Why better sequences help: Knuth's and Sedgewick's sequences are designed so that consecutive gap values share fewer common factors. This ensures that each pass compares elements that previous passes missed, leading to better performance.

Space Complexity

Shell sort uses O(1) auxiliary space. It sorts in-place, using only a single temporary variable for the insertion sort swap. This makes it one of the most memory-efficient sorting algorithms.

Stability

Shell sort is not stable. Equal elements may change their relative order during gapped passes. Consider two equal elements at positions 0 and 3 with gap = 2. They belong to different sub-arrays and might be rearranged relative to each other.

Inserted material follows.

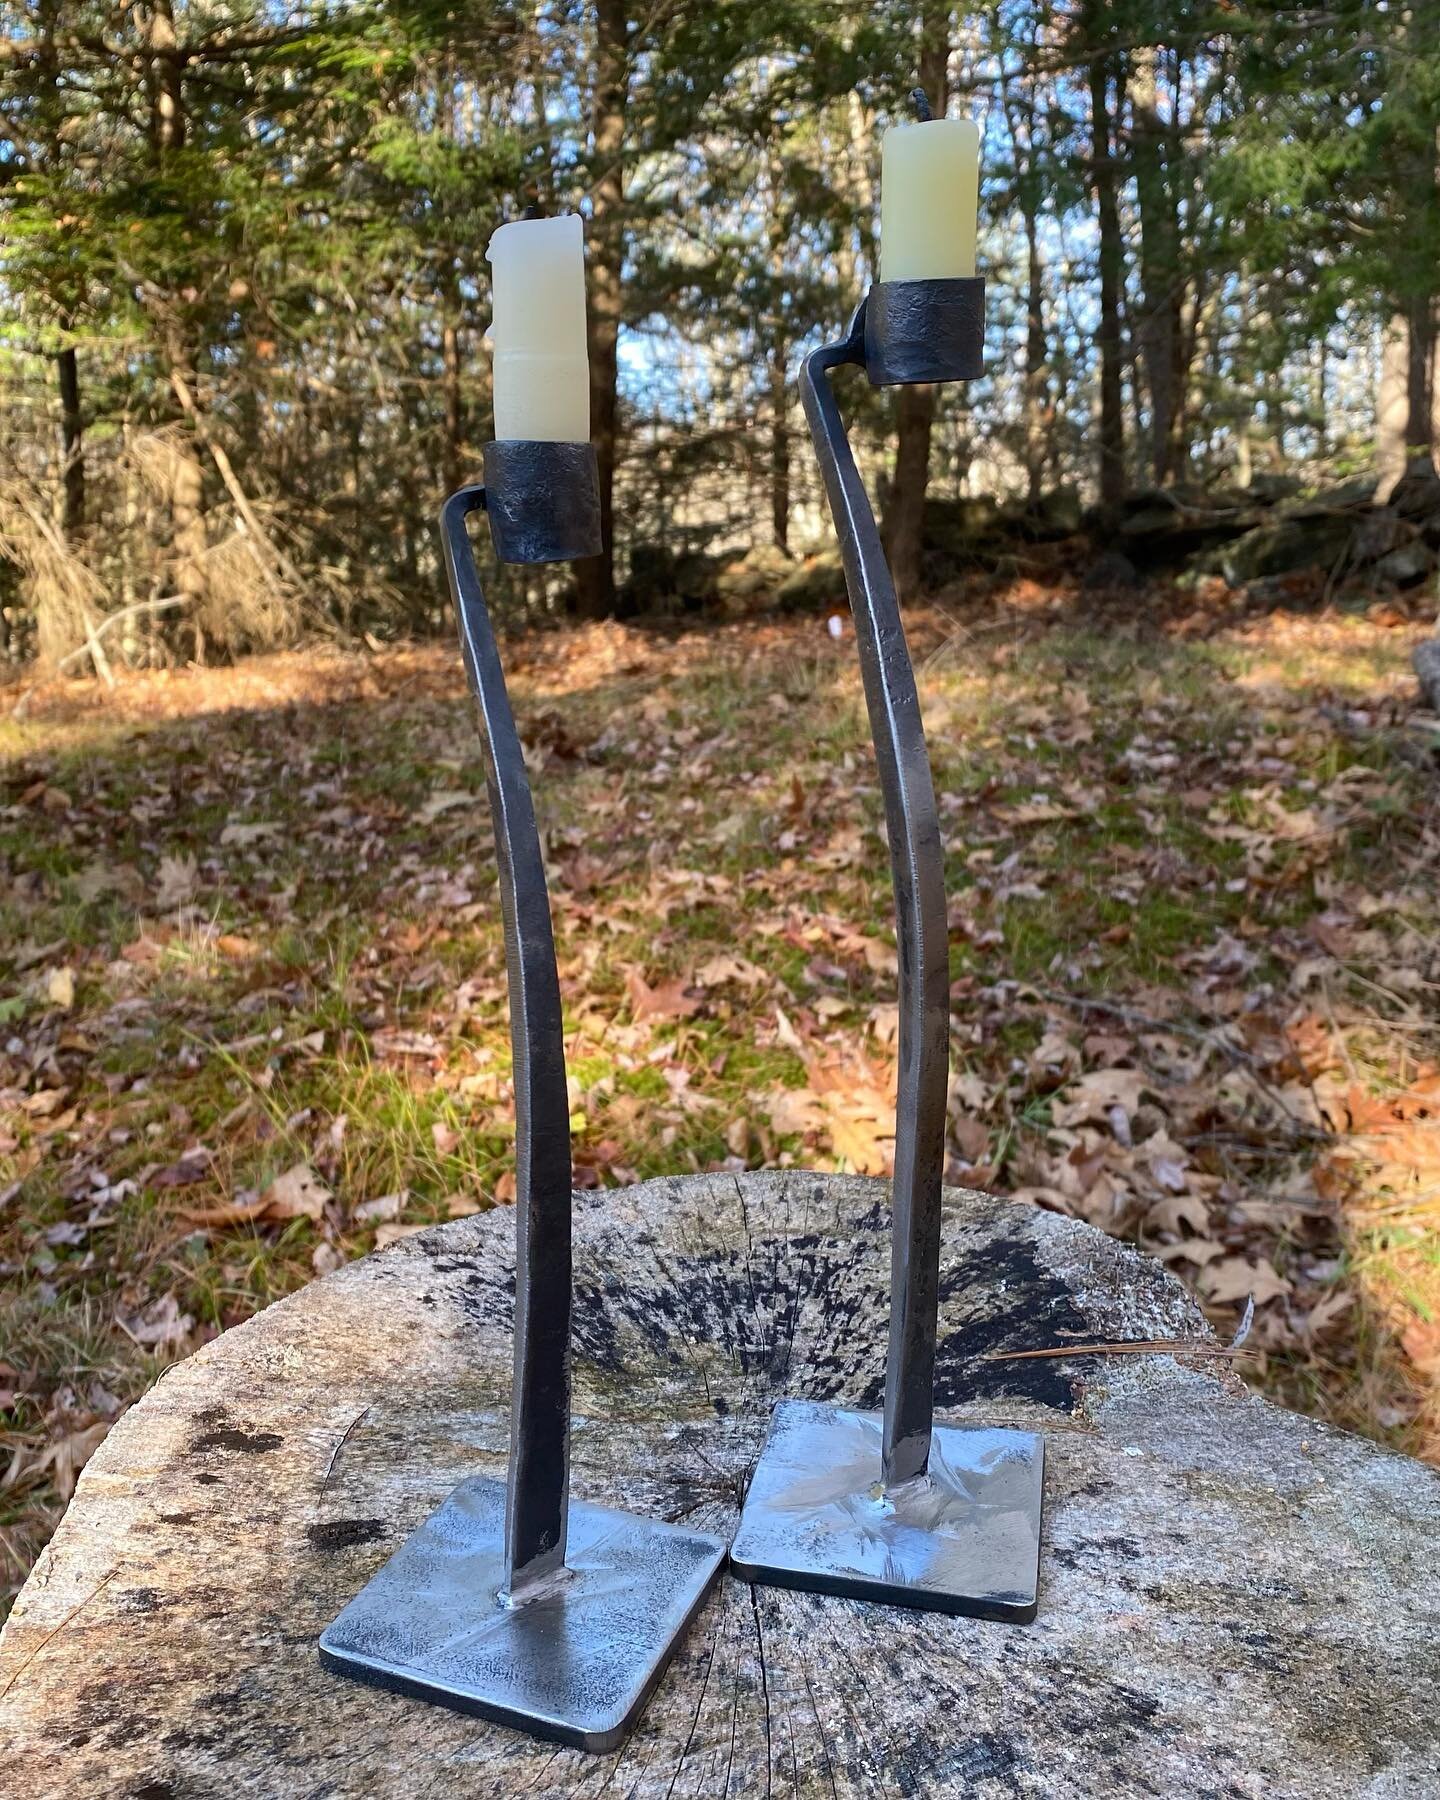 If you live in Maine you get used to power outages&hellip; and having candles are a must! Get ready for winter with these hand-forged steel candle sticks from one of our newest members and metal worker, Hilary Olson of @forgeintheferns. Hilary will h

Here is a summary comparing Shell sort with related algorithms:

PropertyInsertion SortShell SortMerge SortQuick Sort
Best CaseO(n)O(n log n)O(n log n)O(n log n)
Average CaseO(n^2)O(n^(3/2))*O(n log n)O(n log n)
Worst CaseO(n^2)O(n^(3/2))*O(n log n)O(n^2)
SpaceO(1)O(1)O(n)O(log n)
StableYesNoYesNo
In-PlaceYesYesNoYes
RecursiveNoNoYesYes

*With Knuth's gap sequence. Shell's original sequence gives O(n^2) worst case.

When to Use Shell Sort

Good Use Cases

  • Medium-sized arrays (hundreds to low thousands of elements): Shell sort outperforms insertion sort significantly and has lower overhead than merge sort or quick sort for moderate input sizes.
  • Embedded systems and constrained environments: No recursion means no risk of stack overflow, and O(1) space means no extra memory allocation. This makes Shell sort a solid choice for microcontrollers and systems with limited resources.
  • When insertion sort is too slow but you want simplicity: Shell sort's code is barely more complex than insertion sort. If you need a quick performance boost without implementing a full divide-and-conquer algorithm, Shell sort is the natural next step.
  • Nearly sorted data: Like insertion sort, Shell sort performs well on data that is already partially ordered. The initial passes have little work to do, and the final pass is nearly O(n).
  • As a component in hybrid sorting algorithms: Some implementations of introspective sort use Shell sort for small partitions instead of insertion sort because it handles slightly larger sub-arrays more efficiently.

Poor Use Cases

  • Very large datasets (millions of elements): For large inputs, O(n log n) algorithms like merge sort, quick sort, or heap sort are significantly faster. Shell sort cannot compete at that scale.
  • When stability is required: If you need equal elements to maintain their original order, Shell sort is not the right choice. Use merge sort or Timsort instead.
  • When worst-case guarantees matter: Shell sort's worst case depends on the gap sequence and is hard to pin down precisely. If you need guaranteed O(n log n) performance, use merge sort or heap sort.
  • Linked lists: Shell sort relies on random access to elements at arbitrary gap distances. Linked lists do not support efficient random access, making Shell sort impractical for them.